##### Provided material
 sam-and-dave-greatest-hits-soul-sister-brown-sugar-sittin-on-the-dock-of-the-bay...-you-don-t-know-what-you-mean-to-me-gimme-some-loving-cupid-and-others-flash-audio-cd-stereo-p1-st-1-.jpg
##########
##### Provided material
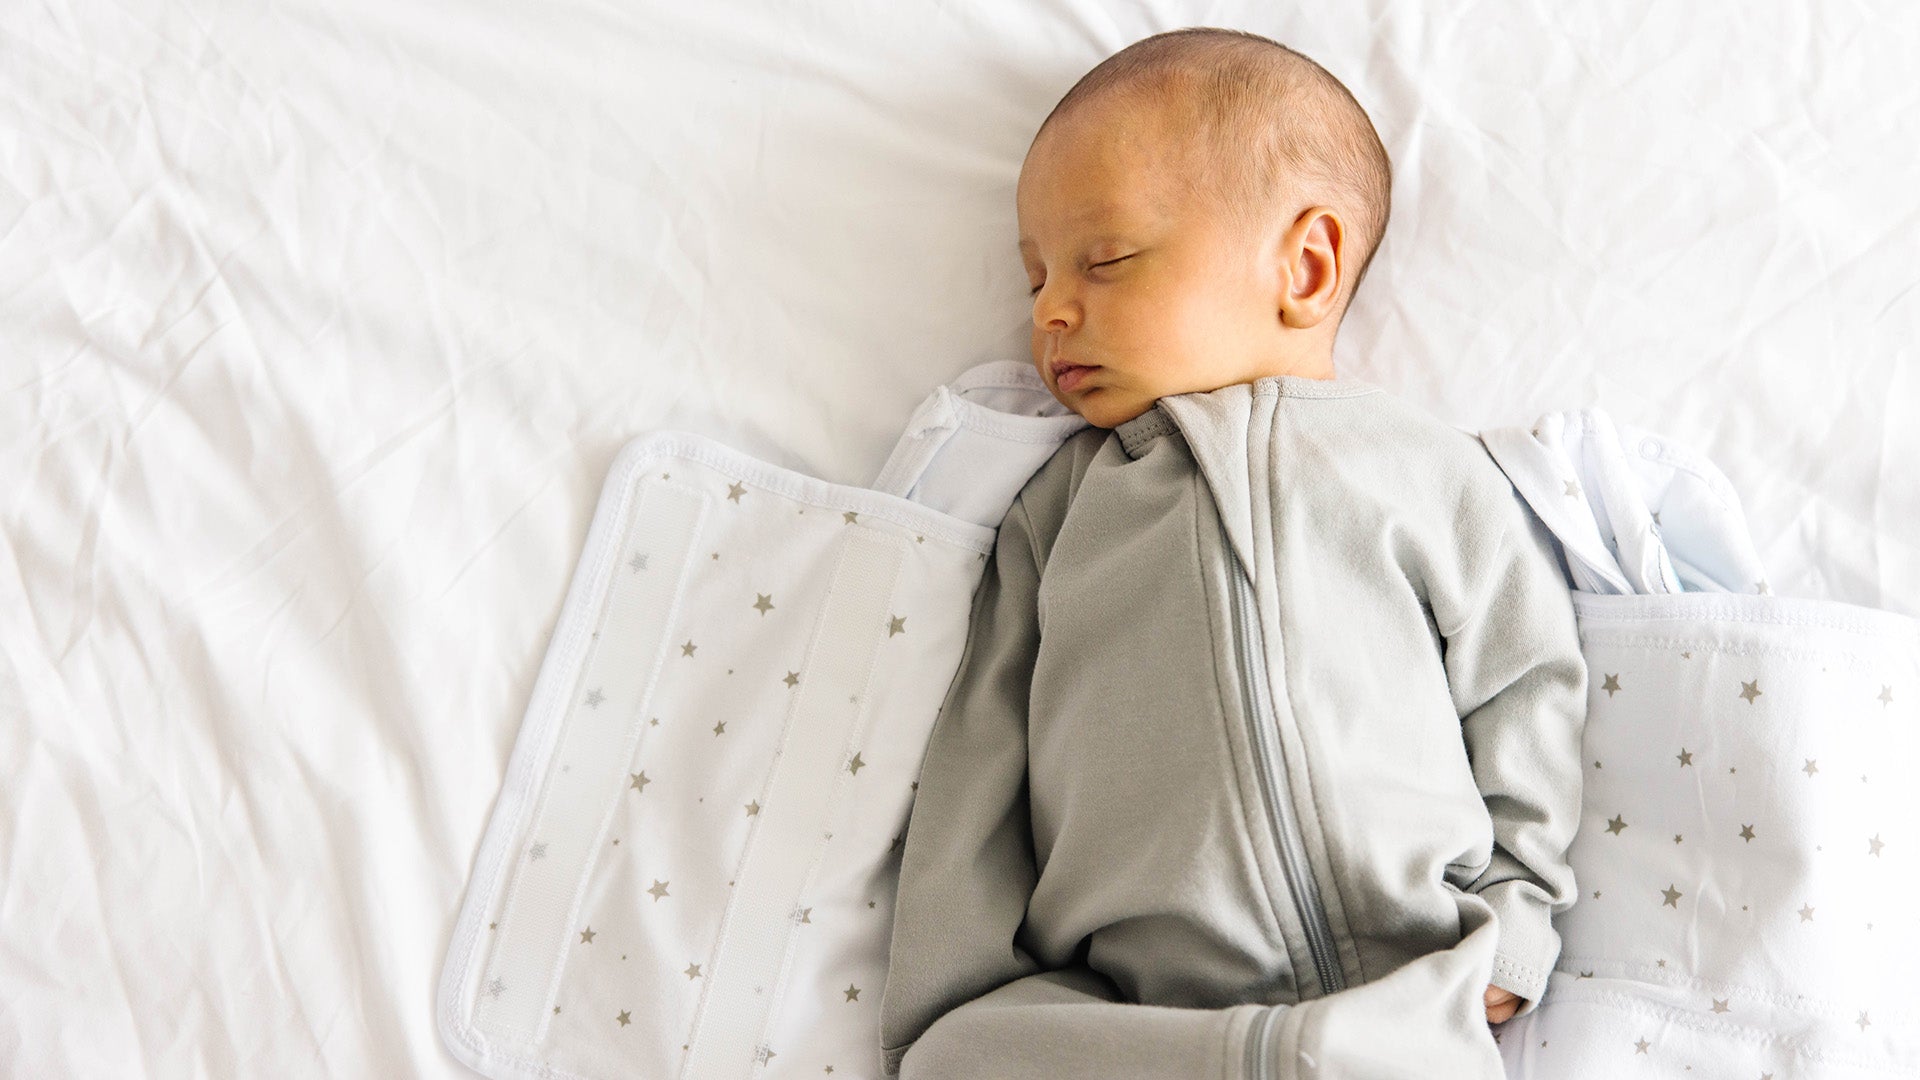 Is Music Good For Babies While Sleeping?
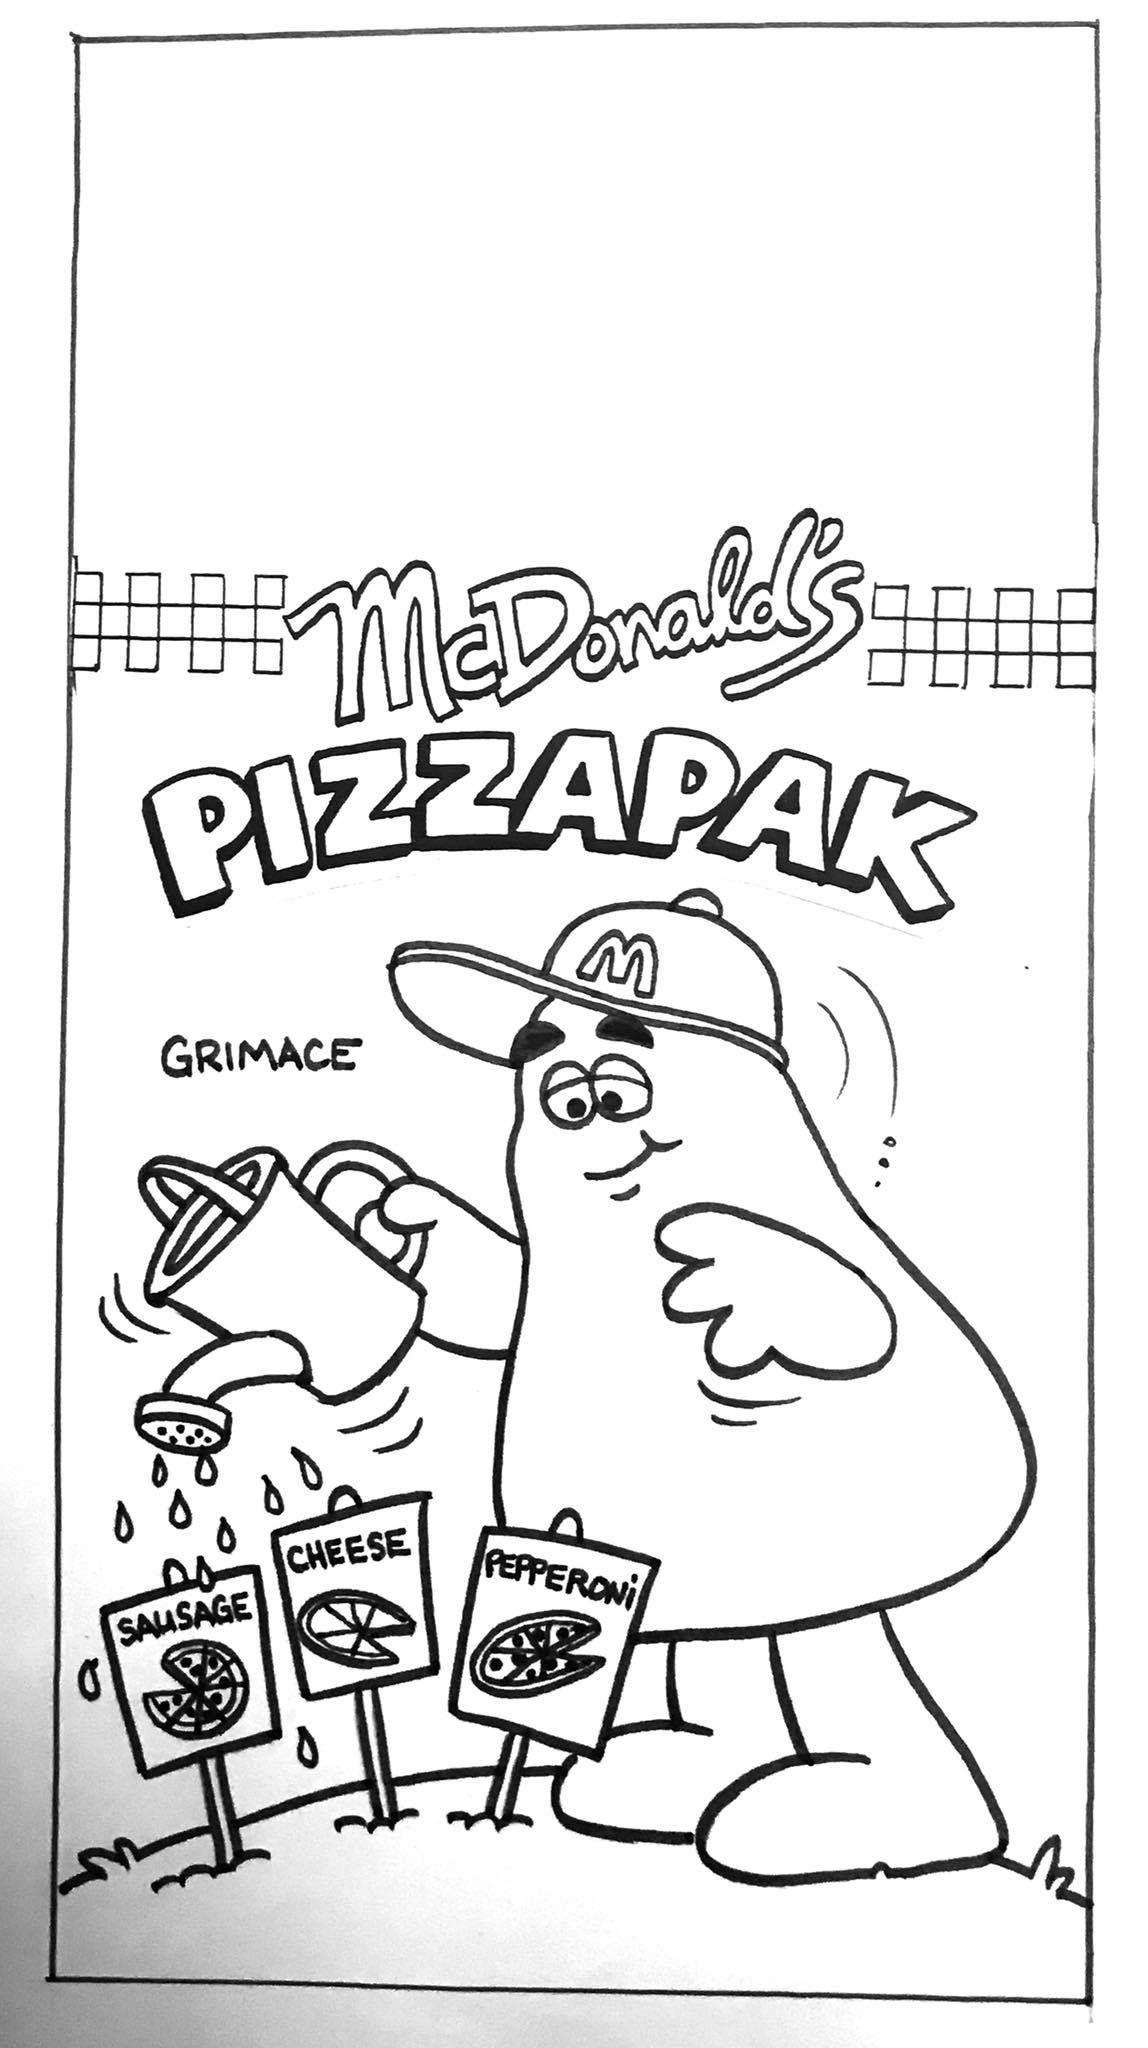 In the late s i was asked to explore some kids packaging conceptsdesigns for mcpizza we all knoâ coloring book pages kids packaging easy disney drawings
##########
##### Provided material
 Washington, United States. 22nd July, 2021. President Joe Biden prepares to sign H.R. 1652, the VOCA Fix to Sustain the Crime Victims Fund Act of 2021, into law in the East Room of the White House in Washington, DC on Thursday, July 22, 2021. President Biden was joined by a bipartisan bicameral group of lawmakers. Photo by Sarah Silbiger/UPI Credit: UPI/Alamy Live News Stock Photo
##########
» **Task**
Each line above from the one containing "Is Music Good For Babies While Sleeping?" through the one containing "In the late" is to be returned verbatim. Nothing else, and no pictures.

» **Solved problem**
 Is Music Good For Babies While Sleeping?
 In the late s i was asked to explore some kids packaging conceptsdesigns for mcpizza we all knoâ coloring book pages kids packaging easy disney drawings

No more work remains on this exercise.